6. Transfer mixture to microcentrifuge tubes and spin at 14, 00 rpm for 40 mins at 4οC.

7. Poke through lipid layer and remove supernatant. Discard the cellular debris and lipids.

8. If necessary, re-spin supernatant at 14, 000 rpm and repeat step 7 to obtain clean lysate free of debris and lipids.

9. Determine the protein concentration using Bradford Protein Assay.

10. Combine equal volumes of 2X SDS sample buffer and cell lysate supernatant. Pipet up and down or vortex several times to mix. Aliquots can be stored at -80οC for further use. Prior to use, heat samples at 95-100οC for 3-5 mins and then load immediately on SDS-PAGE gel. Avoid freeze/thawing lysate as much as possible.

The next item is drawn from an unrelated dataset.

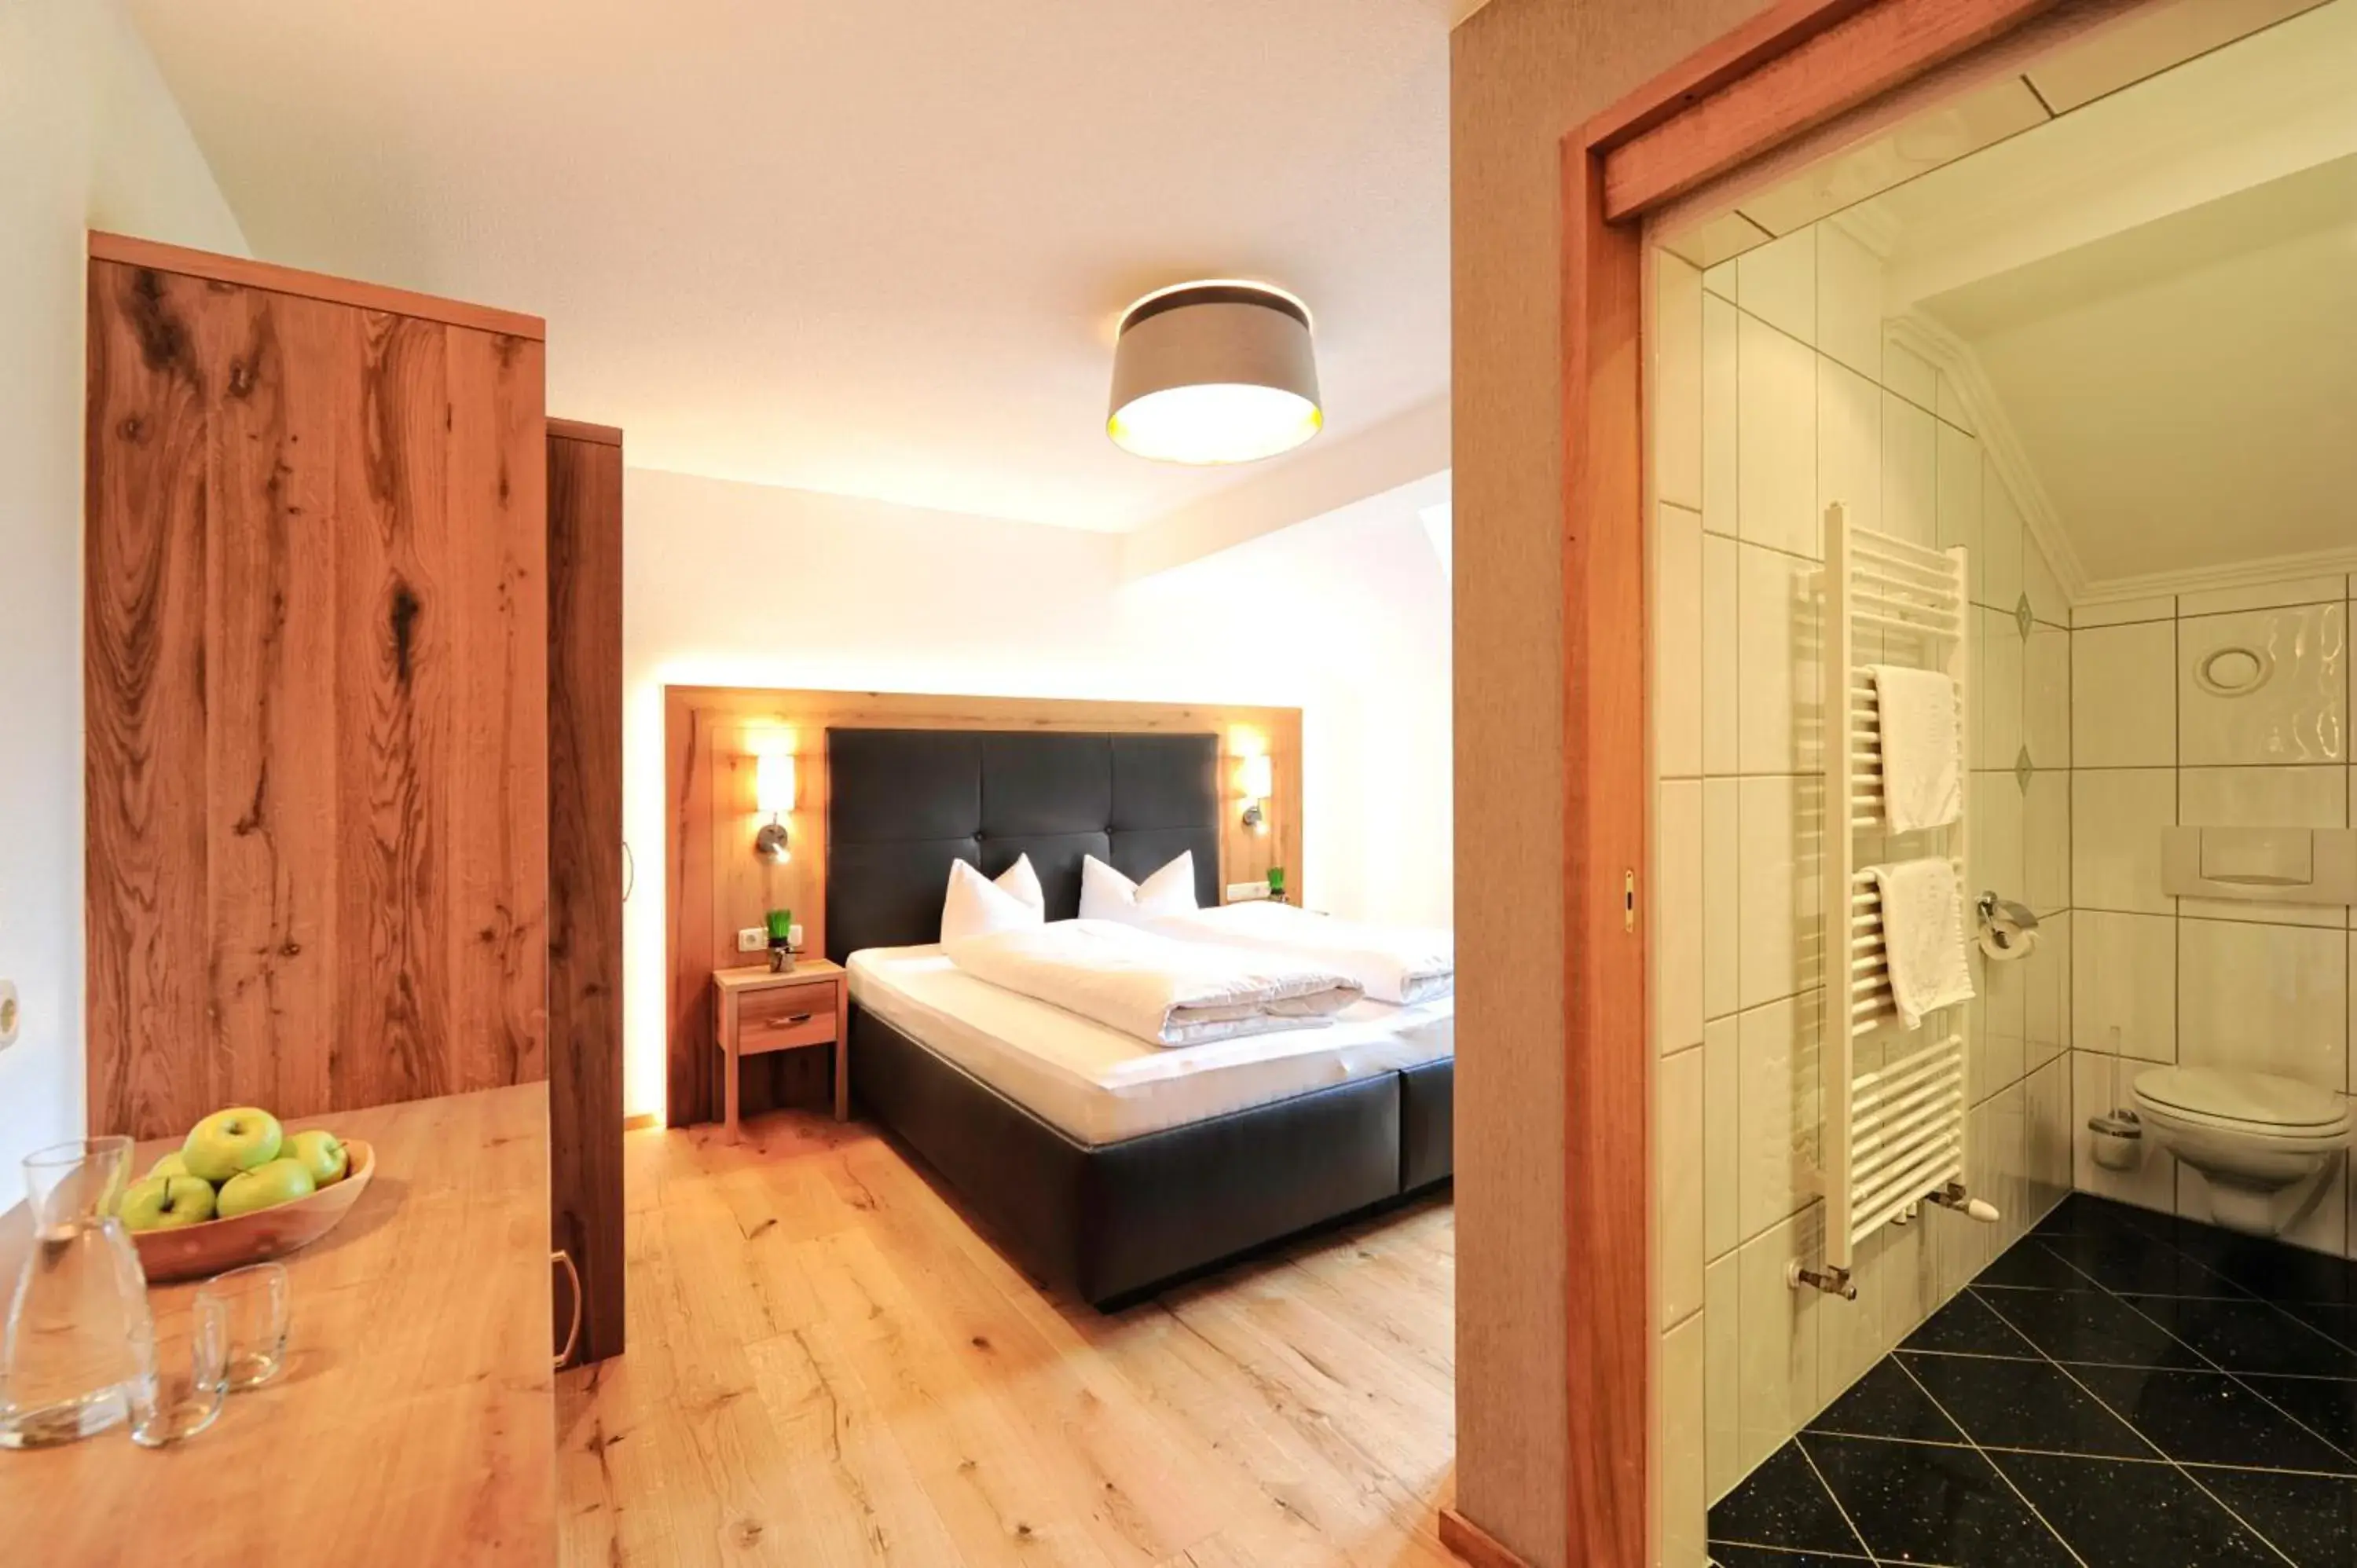 Bedroom, Room Photo in Hotel Verwall

1x Lysis Buffer Composition:

-10ml\A Tris pH 8.0 – 1.6 mg/ml Benzamidine HCL

-130 ml\A NaCL -1.0mg/ml Phenanthroline

-1% Triton-X-100 – 1.0 mg/mL Aprotonin

-10 ml\A NaF – 1.0 mg/ml Leupeptin

-10 ml\A NaPi pH 7.5 (sodium phosphate)- 1.0 mg/ml Pepstatin A

 


 

 

 

Body Fat Analysis in Rodents

1. Collect background blood sample (~75 μL; to have atleast 12 μL of plasma) from the mice into tubes containing EDTA.

2. Inject 3 μg deuterium oxide/g body weight intraperitoneally into the mice.

3. After 1 hour, collect a blood sample (~75 μL; to have atleast 12 μL of plasma) from the mice into tubes containing EDTA.

4. Centrifuge the blood samples to obtain plasma

5. Store at -80ο C

Note: Enrichment of approximately 0.2% to 0.4% is achieved at 3 μg deuterium oxide/g body weight.